第1章 青云梯前烤铃薯,万阶独引我凤鸣(2/2)
这声音并不响亮,却如同投入死寂湖面的一颗石子,清晰地传入了高台上修士、以及所有尚未被传送走的考核者耳中。
所有人,包括高台上正准备宣布结果的修士,全都猛地一怔,难以置信地循声望去!
只见在下方,一个穿着粗布衣的少女,正一边拍打着道袍下摆沾上的灰尘,一边慢吞吞地、一步一级地往上走。她走得不快,甚至有点悠闲,时不时还停下来,歪头研究一下旁边栏杆上的云纹雕刻,或者伸手试图捞一把身边飘过的、带着威压的冰冷雾气,嘴里还嘀嘀咕咕:
“这威压设计得不均匀啊,左边比右边重三分…哎呦,这幻术有点意思,变烤鸡?不行不行,刚吃了薯了,腻得慌,差评!下次变碗冰镇酸梅汤试试?” “哇!这边压力好大,欺负我个子小是吧?溜了溜了。” “啧,这位仁兄,幻境里捡钱也得弯腰啊,你站着傻笑啥呢?哎,小心别滚下去……”
她就像一阵捉摸不定的、不着调的风,在艰难前行乃至崩溃倒地的人群中,看似惊险万分、跌跌撞撞,实则精准无比地穿梭而上。那让天才们崩溃跪地的恐怖威压,那让心志坚毅者心神破碎的可怕幻境,对她而言,仿佛只是春日郊游时吹过的微风和无关紧要的背景杂音,拂面而过,不留痕迹,甚至还能品头论足一番!
在无数道如同见鬼般的目光注视下,云杳杳一步步向上。

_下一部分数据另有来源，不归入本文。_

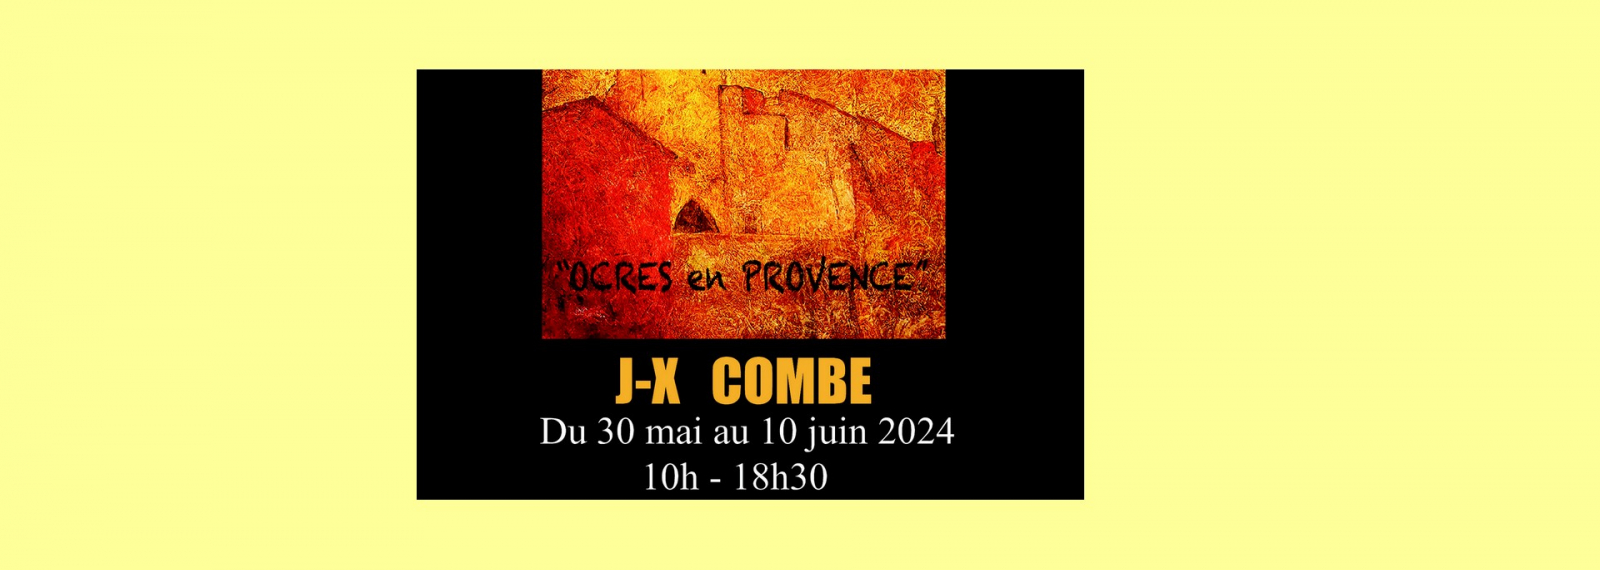 Exposition J-X Combe Ocres en Provence Maison des Consuls Eygalières

两千五百级、两千八百级、两千九百级……
她路过瘫倒在地、满脸血污、眼神涣散的锦衣少年时,甚至还停下脚步,蹲下身,歪着头仔细看了看他惨烈的状况,语气带着真诚的关切:“兄嘚,咋趴这儿了?这地上凉飕飕的,硌得慌吧?要不要挪个晒得着太阳的地方再趴?”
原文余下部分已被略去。